The shift will be implemented using the current, recently refurbished crushing circuit, the previously expanded mill circuit and a new 750,000 tonne per annum concentrator, Wiluna said.
GR Engineering Services has been awarded the $25.7 million engineering, procurement and construction contract for stage one works, which will begin in early December.
Wiluna will fund the expansion via existing cash of about $15 million, operating cashflow and the $40 million tranche two of a debt package with Mercuria.
The Perth-based miner is also studying a stage two expansion that would boost production to about 250,000 ounces of gold a year by late 2023, or early 2024.
“The challenge now is to deliver on Stage 1 and scope out the optimum size for Stage 2, given the considerable size of the Wiluna orebody,” executive chairperson Milan Jerkovic said in the statement. “This will take shape in the feasibility study, which is currently being undertaken.”

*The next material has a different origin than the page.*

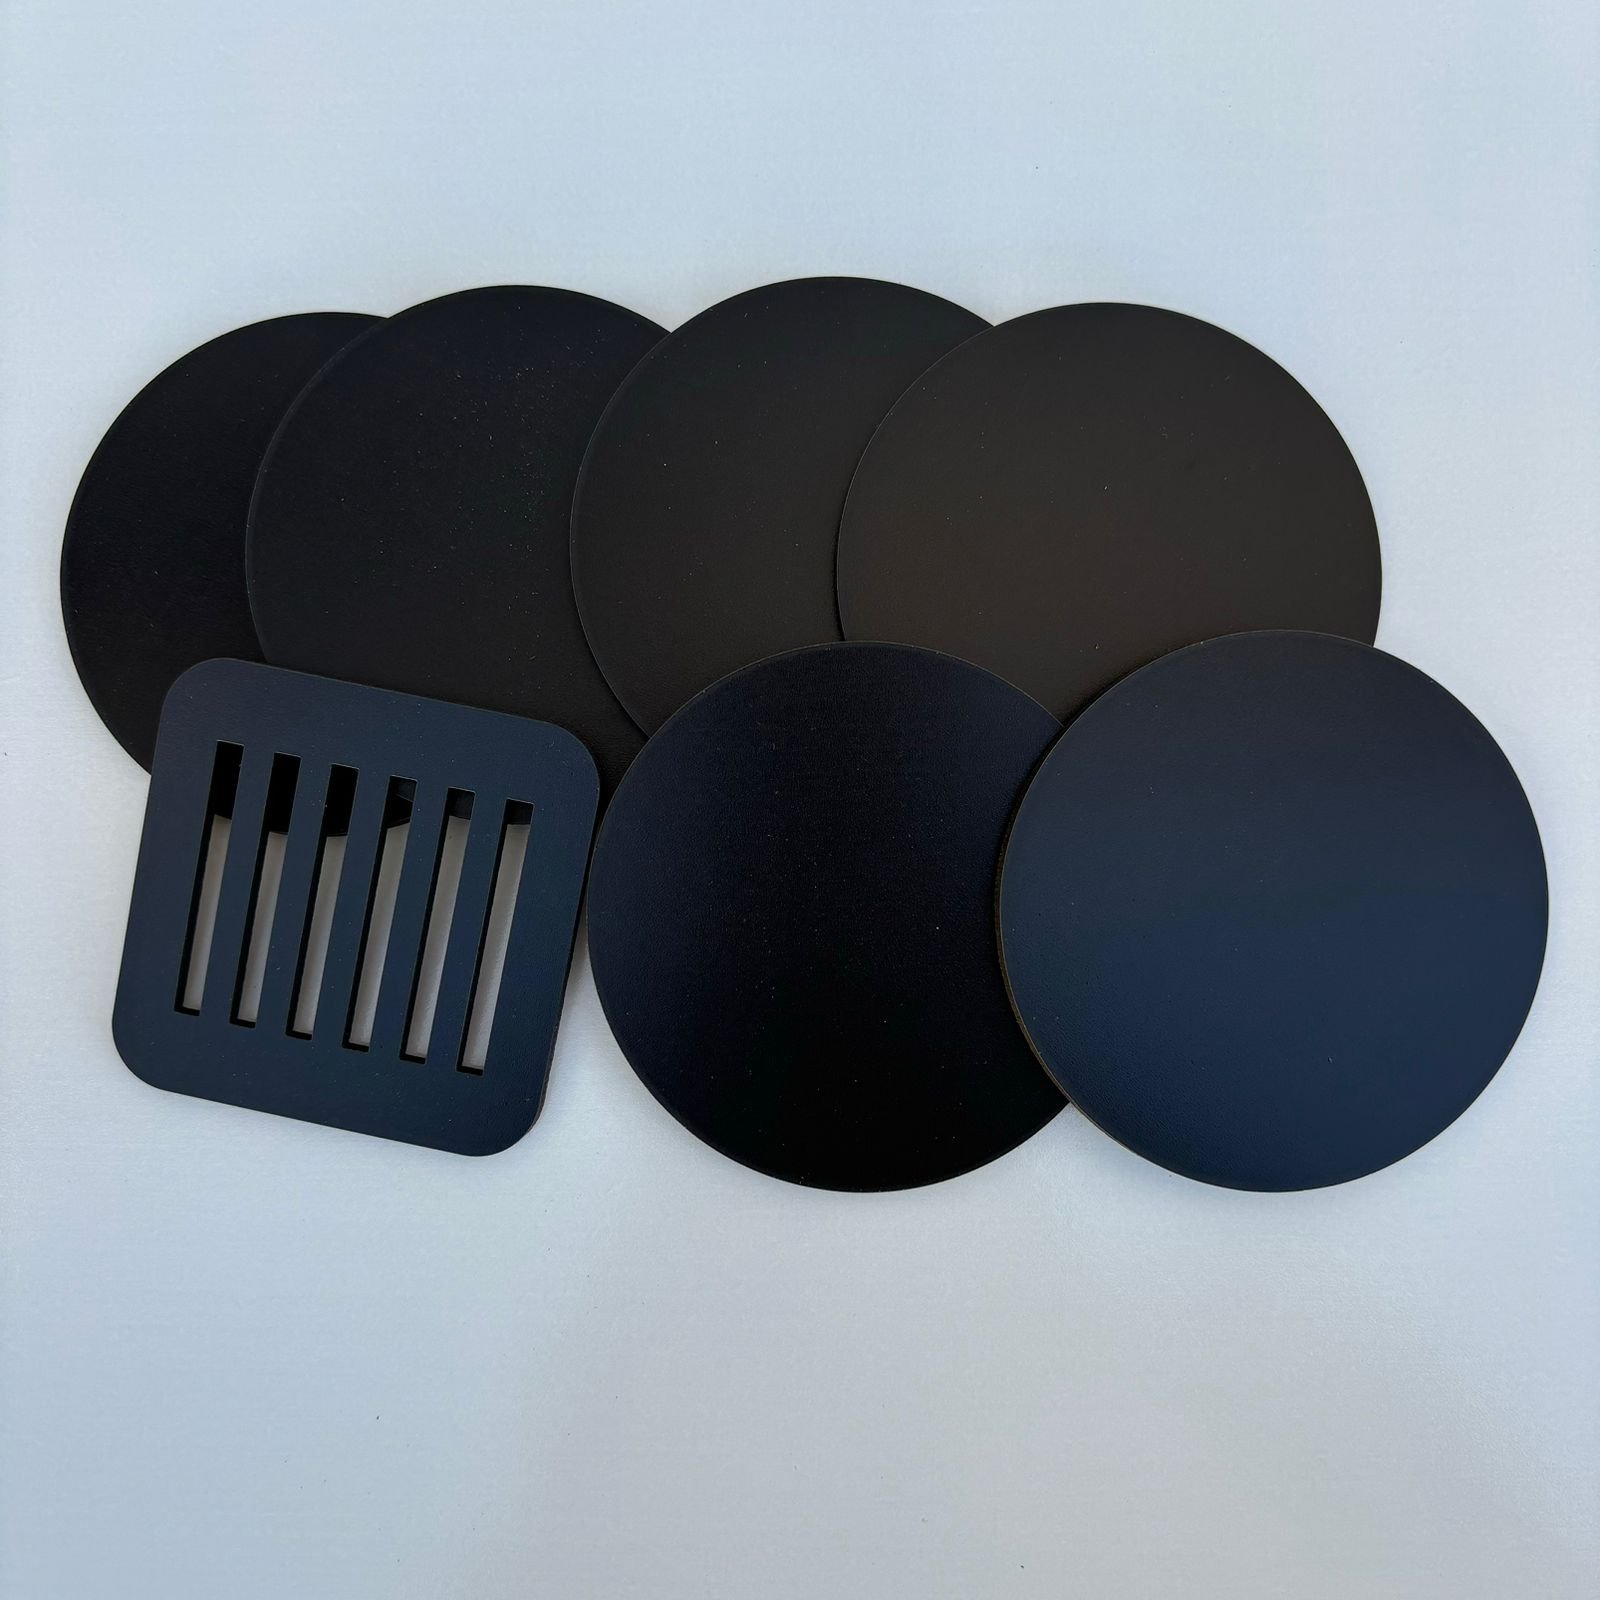 Kit de Porta Copos em Mdf 3mm com Suporte - Conjunto com 6 Unidades - Opções de Cores:preto

Earlier this week, the company upgraded resources for Wiluna to 7.3 million ounces at 1.6 grams per tonne gold.
The Wiluna gold project is located in the North-Eastern Goldfields of Western Australia, about approximately 750 km northeast of Perth.
The company’s tenement package covers more than 1,600 square kilometres and 75km of strike across the metal-rich Wiluna-Norseman greenstone belt.
The main asset is the Wiluna mine itself, which has a gold producing history dating back to the early 20th century. Mining operations in the area have resulted in the production of more than 4 million ounces of gold to date.